Although the shield is effective for preventing alien crosstalk and other external signal interferences, the shield must be grounded to the connector in order to meet safety regulations. This is a time consuming step that increases the cost to install the shielded cable. One typical example requires a drain wire to be helically coiled around the shield which also increases the overall cable cost.
In the prior art, there have been proposals to mitigate the above effect by providing a discontinuous shielding tape having periodic breaks in the shield. This design makes sure that any signals that collect in the shield do not extend continuously from end to end of the cable and this obviates the need for grounding the shield. However, in doing so, this design has generated yet another drawback, particularly with respect to the signal quality within the pairs of the cable, owing to interference caused by signals generated by the discontinuous shield elements.

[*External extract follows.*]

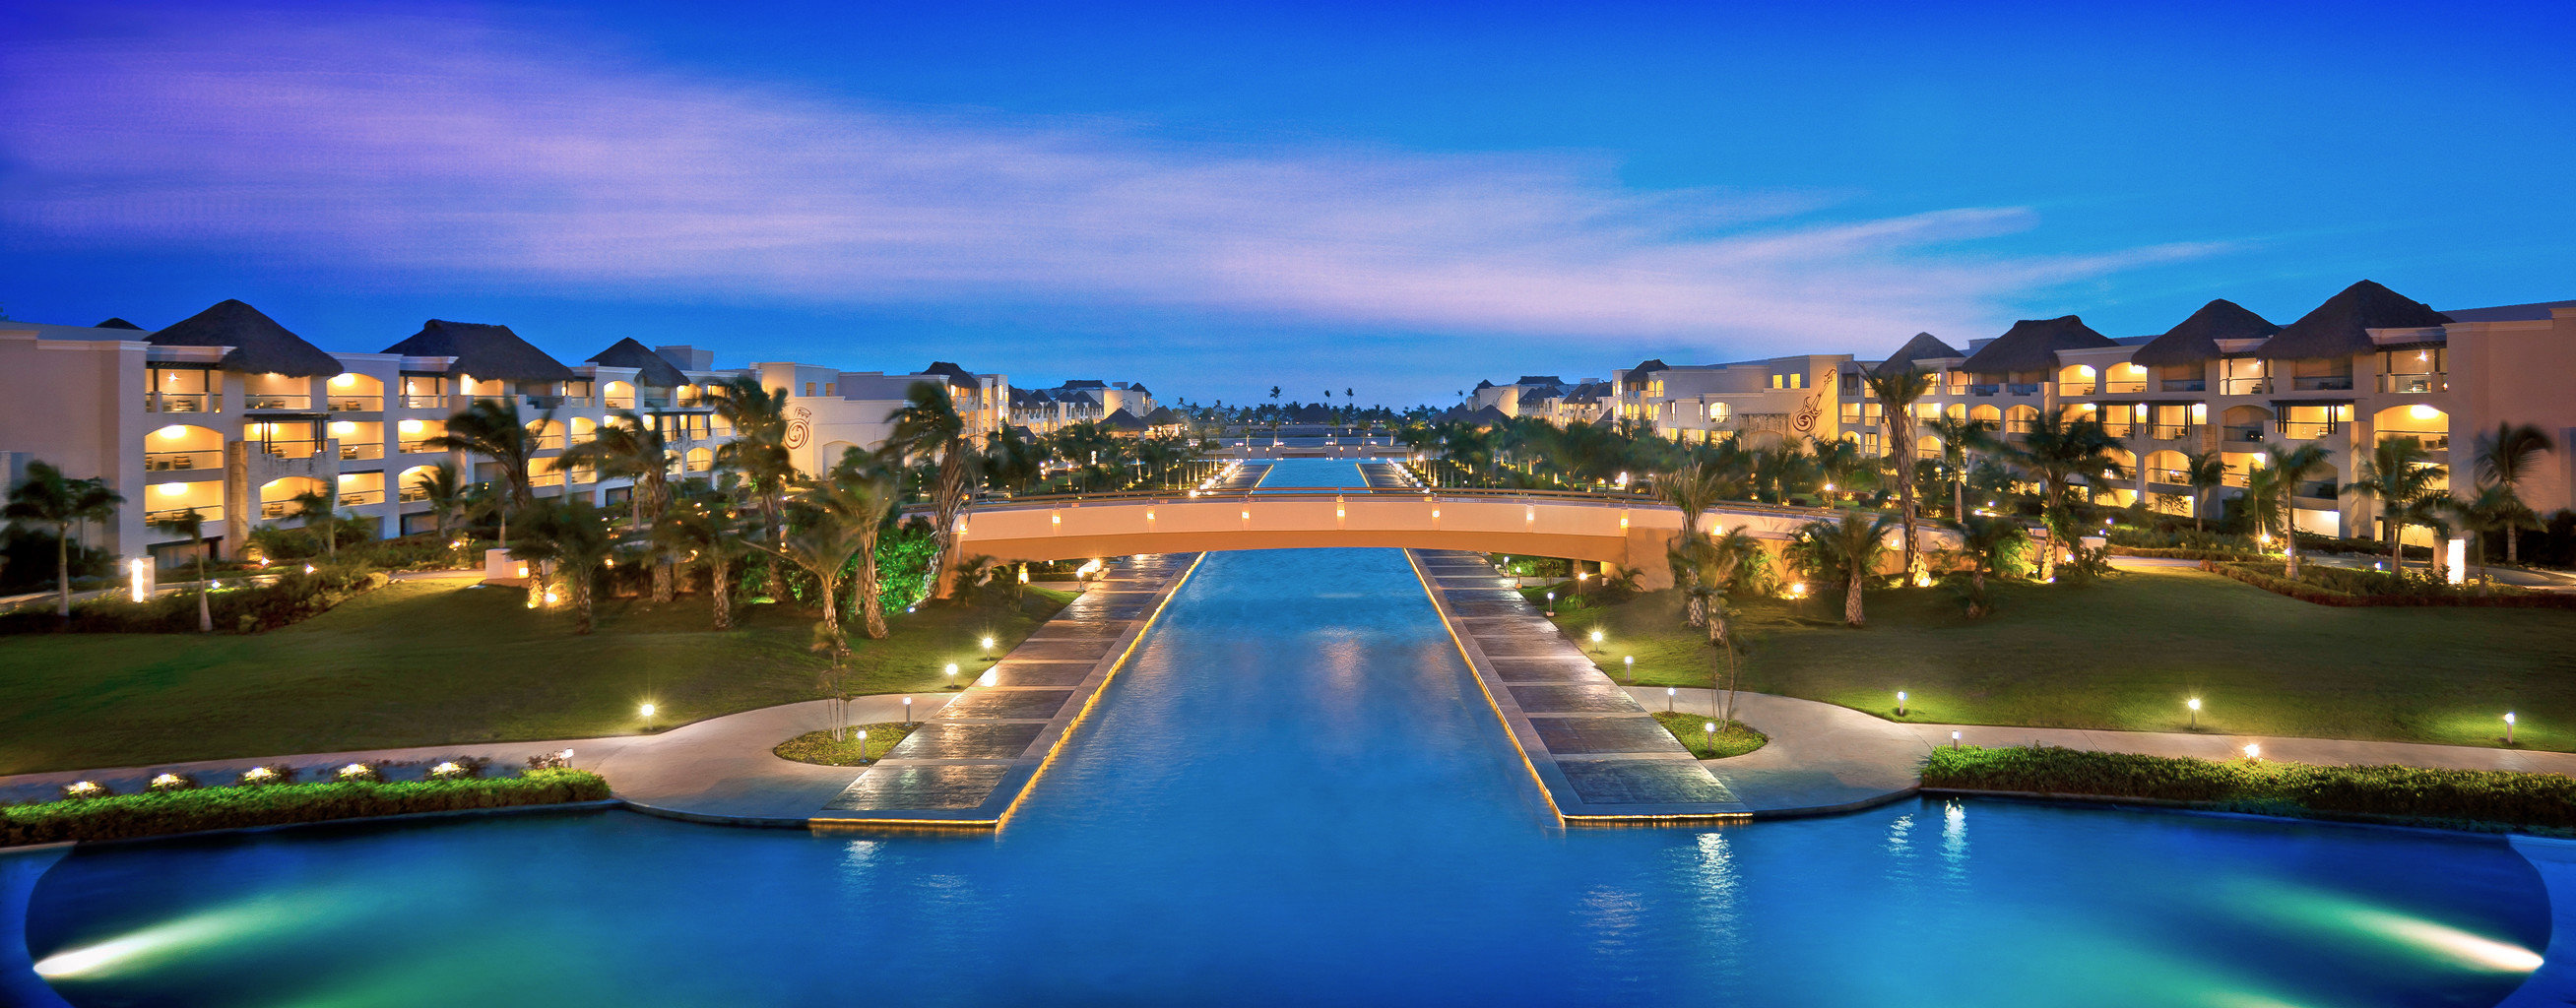 Elegant Hip Luxury Modern Pool sky water Boat leisure swimming pool Resort night cityscape dusk marina shore

For example, with discontinuous shields, the signals traveling in the pairs can cause induced signals in discontinuous foil elements with the breaks in the shielding giving rise to reflected waves which can create issues with return loss. The patches can collectively interact with the transmitting electrical signals in a cumulative or resonant manner to produce a spike in return loss at a particular frequency of the transmitting signals.

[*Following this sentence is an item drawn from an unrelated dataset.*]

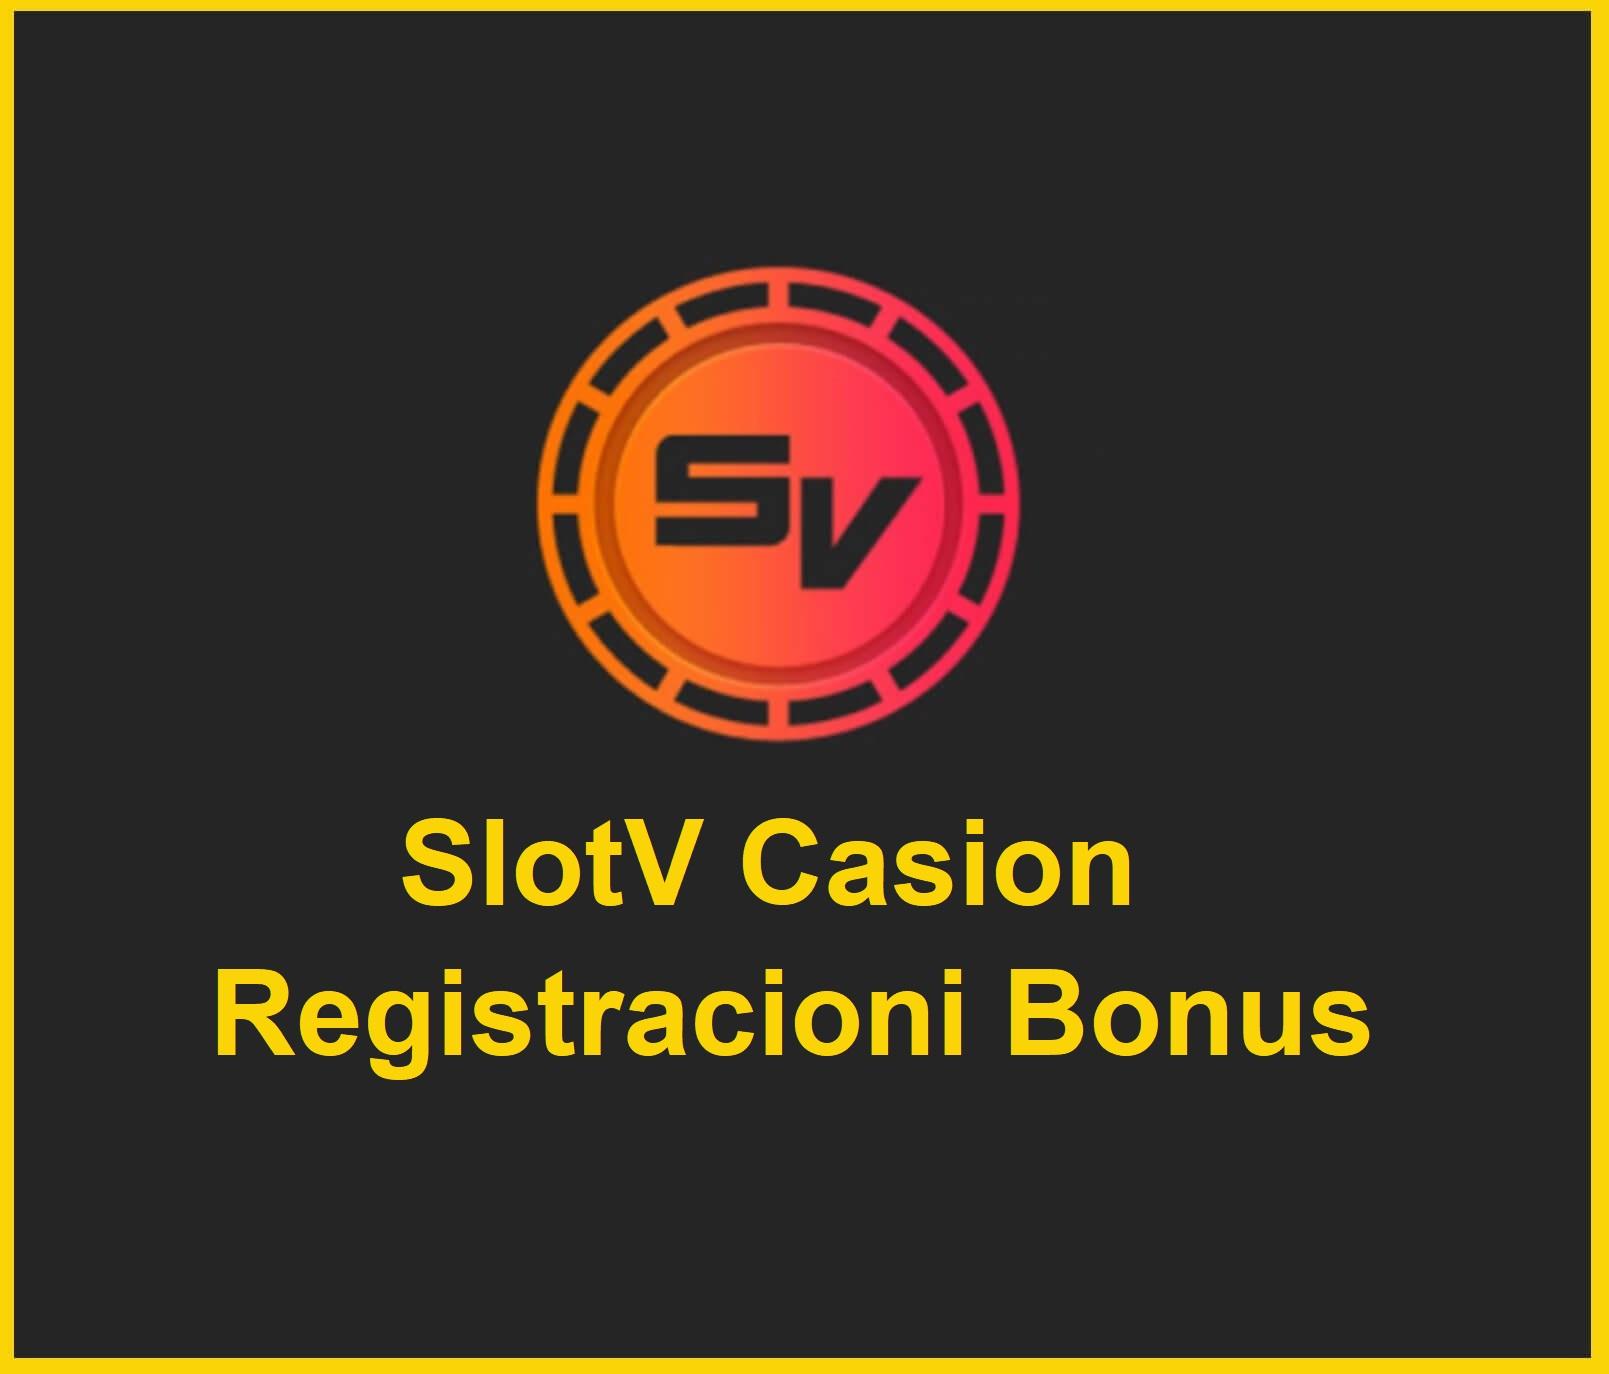 SlotV casion registracioni

In one example, where the foil size and shape is rectangular with each foil element of the same size and at regular spacing from one another, the generated reflected waves are such that they may occur at one specific frequency, and at a significant amplitude.
Other prior art arrangements of discontinuous shields have attempted to minimize the reflected wave that can be created by discontinuous shielding elements of equal length and spacing by varying the length of the shielding elements relative to the length of the foil segments, finding that the frequency/location of the spike may depend upon the sizes of the foil sections and the gap therebetween.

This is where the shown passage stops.